The deep Permian coal fairway in the Patchawarra and Nappamerri Trough of the Cooper Basin has been defined and mapped using a generative potential approach within a comprehensive 3D basin model. Net coal thicknesses from log electro-facies for 879 wells has been combined with available well maturity, TOC, HI and kerogen kinetic data, and calibrated against corrected temperatures in a basin-wide Trinity retention model which incorporates 14 mapped regional horizons. Play fairways have been overlain with observations of in-situ stress direction and fracture orientations from 3D seismic curvature volumes, FMI data and stress states from Mechanical Earth Models (MEM).

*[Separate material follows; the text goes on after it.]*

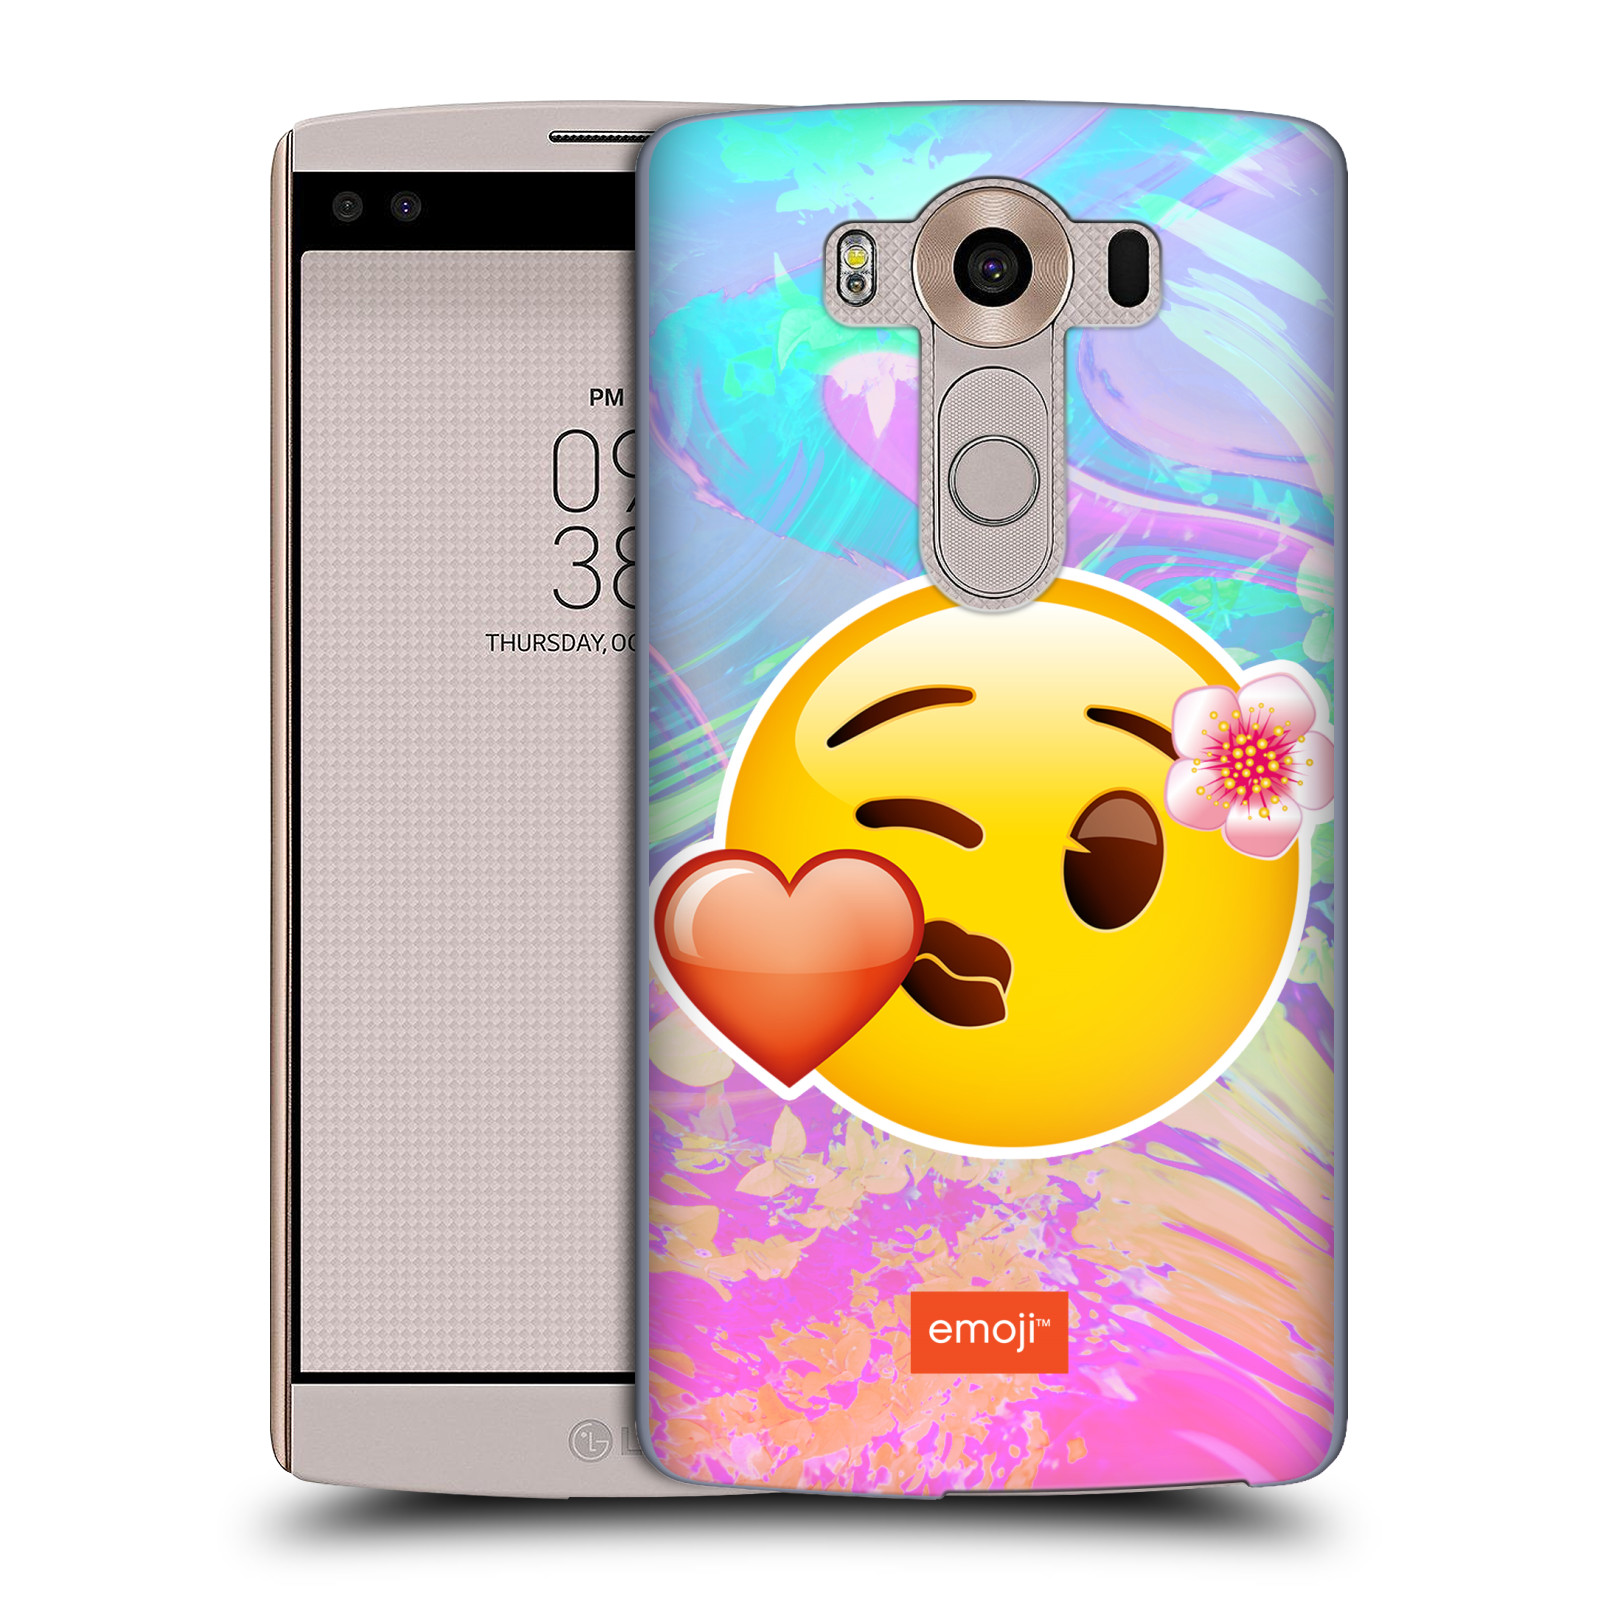 Pouzdro na mobil LG V10 - HEAD CASE - Emoji smajlík pusinka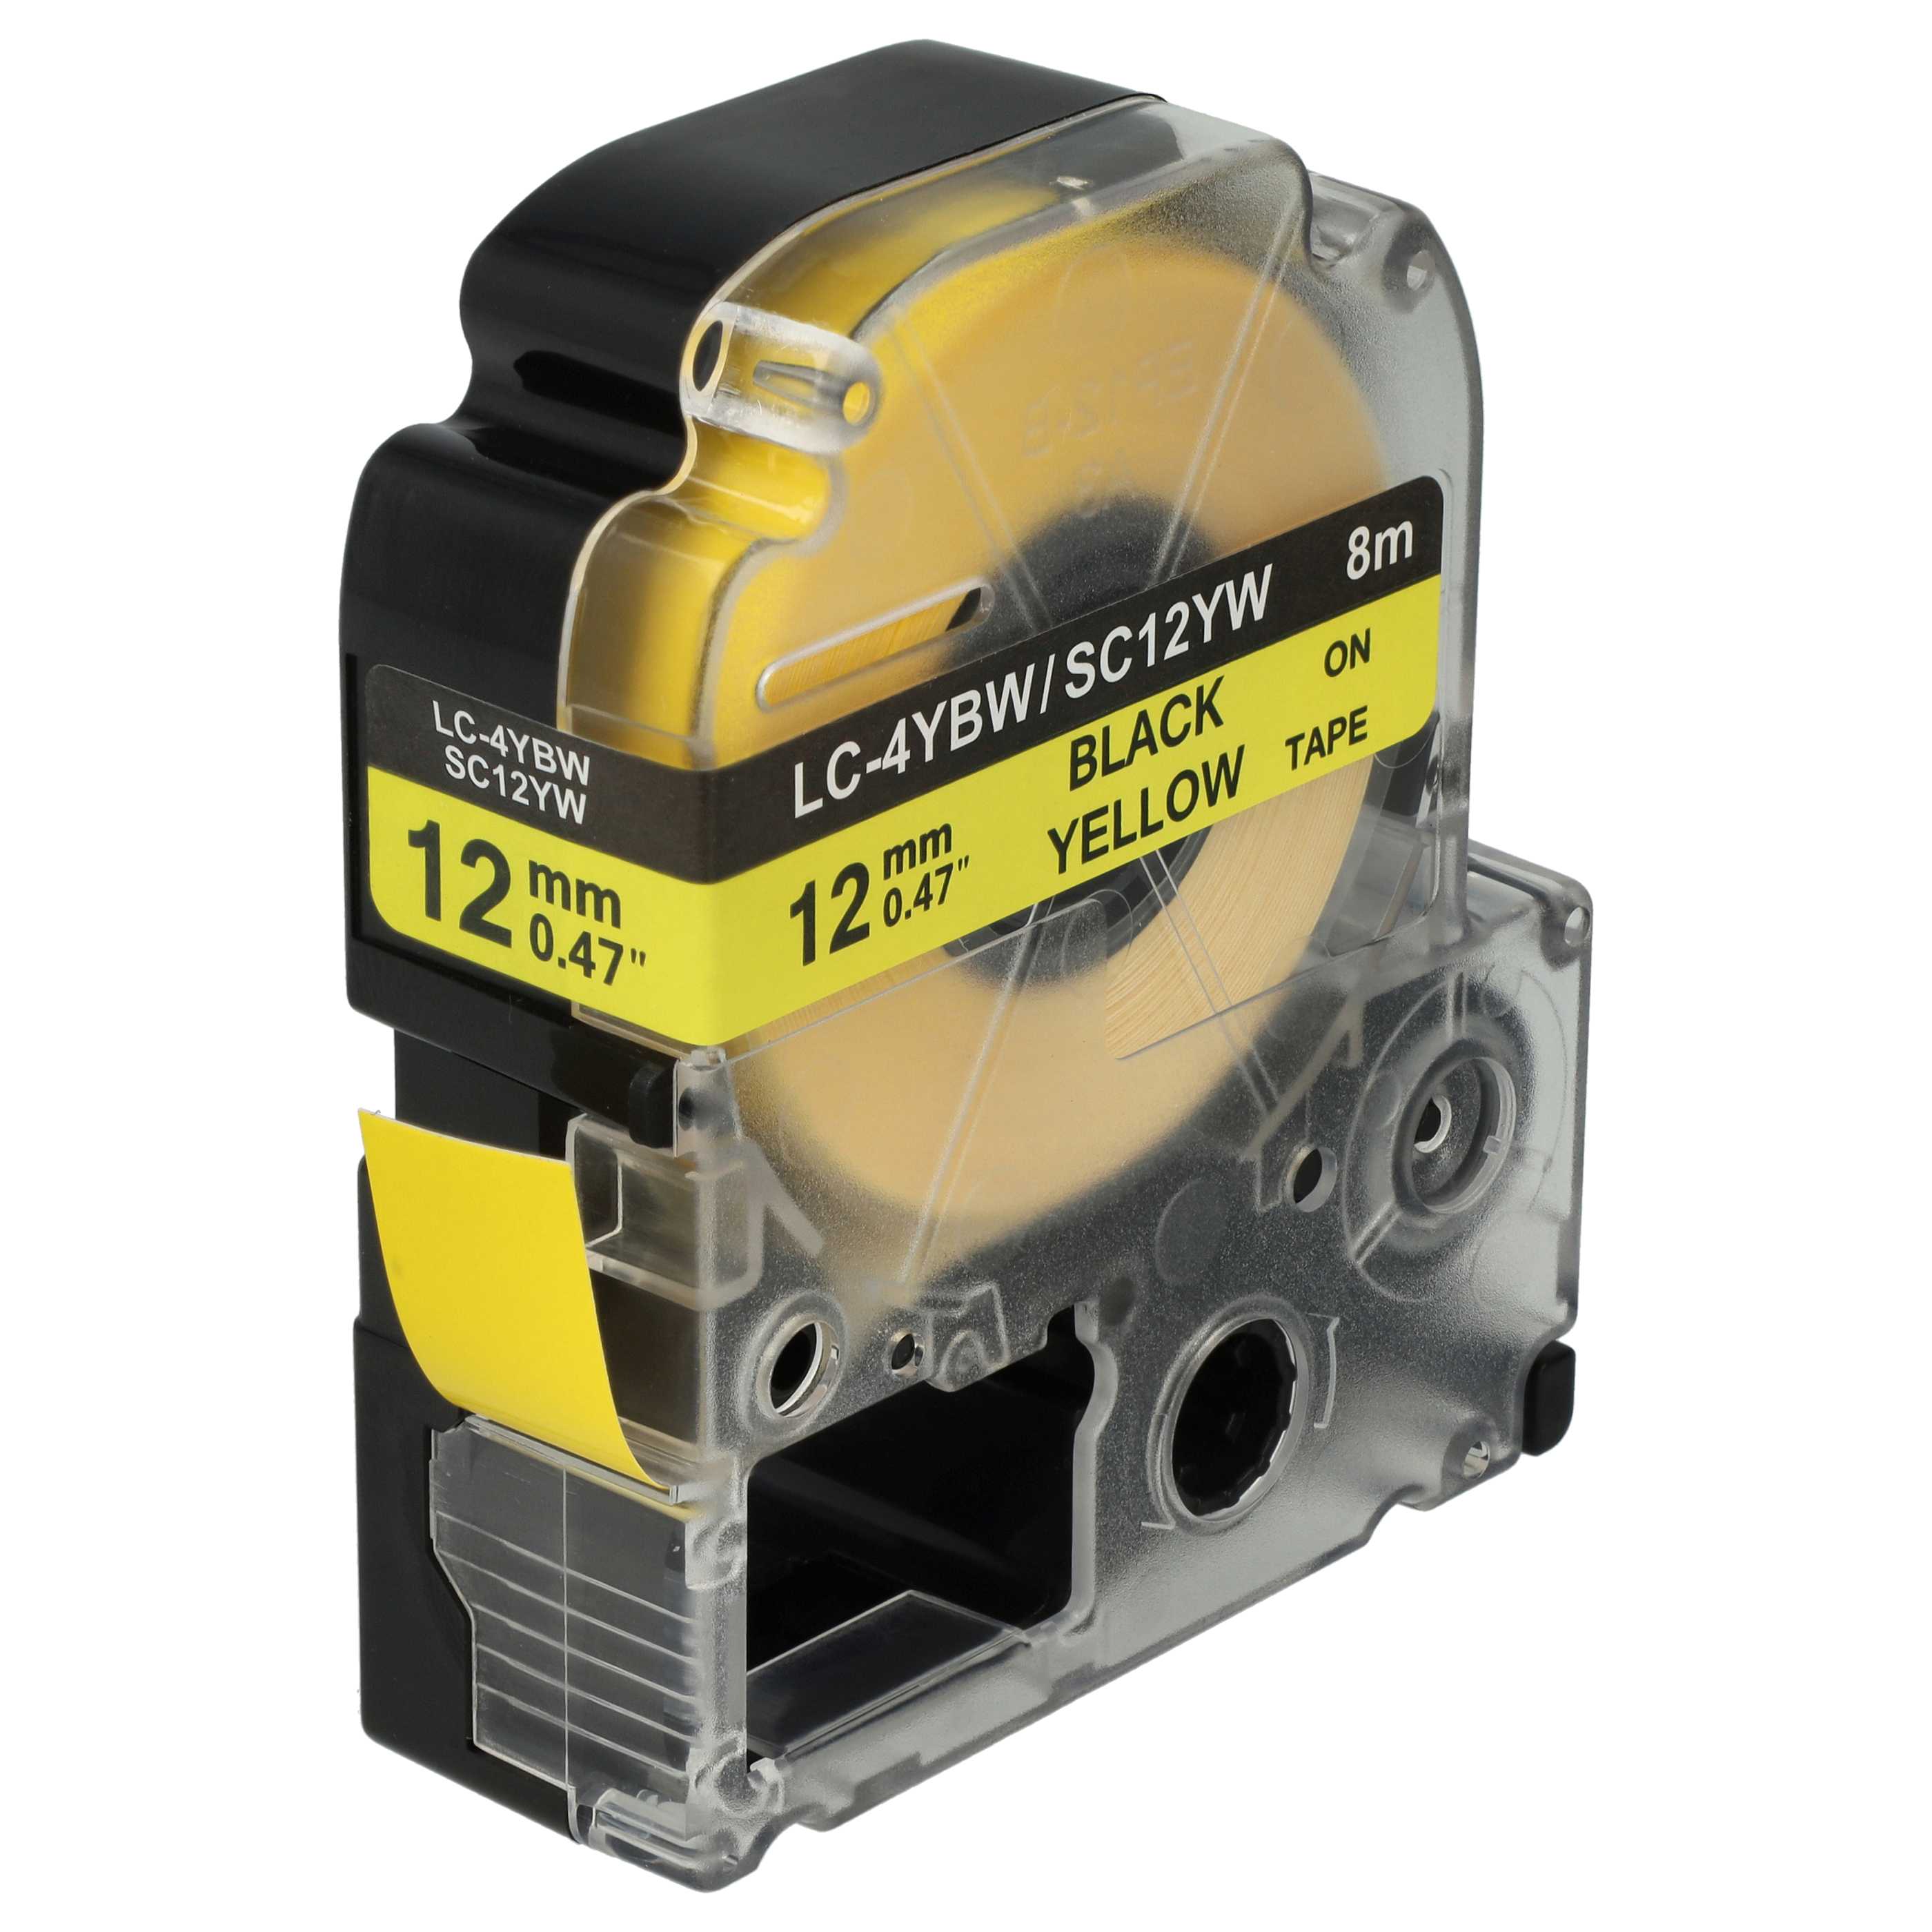 Cassetta nastro sostituisce Epson LC-4WBW per etichettatrice Epson 12mm nero su giallo

Within the basin, this approach has defined a P50 in-place resource of 14.6 TCF of gas and a P10 of 20.7 TCF of gas within the deep coals of the Permian Toolachee, Epsilon and Patchawarra Formations in Senex permits, of which 8-11 TCF is within the North Patchawarra Trough. MEM's have also demonstrated that deep coal seams are consistently in a normal stress state and therefore provide excellent scope for both propagating and constraining vertical fracture growth. Work is now underway to define further those areas, within the mapped resource parameters, which provide the best opportunity to site pilot lateral wells for multi-stage fracture stimulation within deep coals.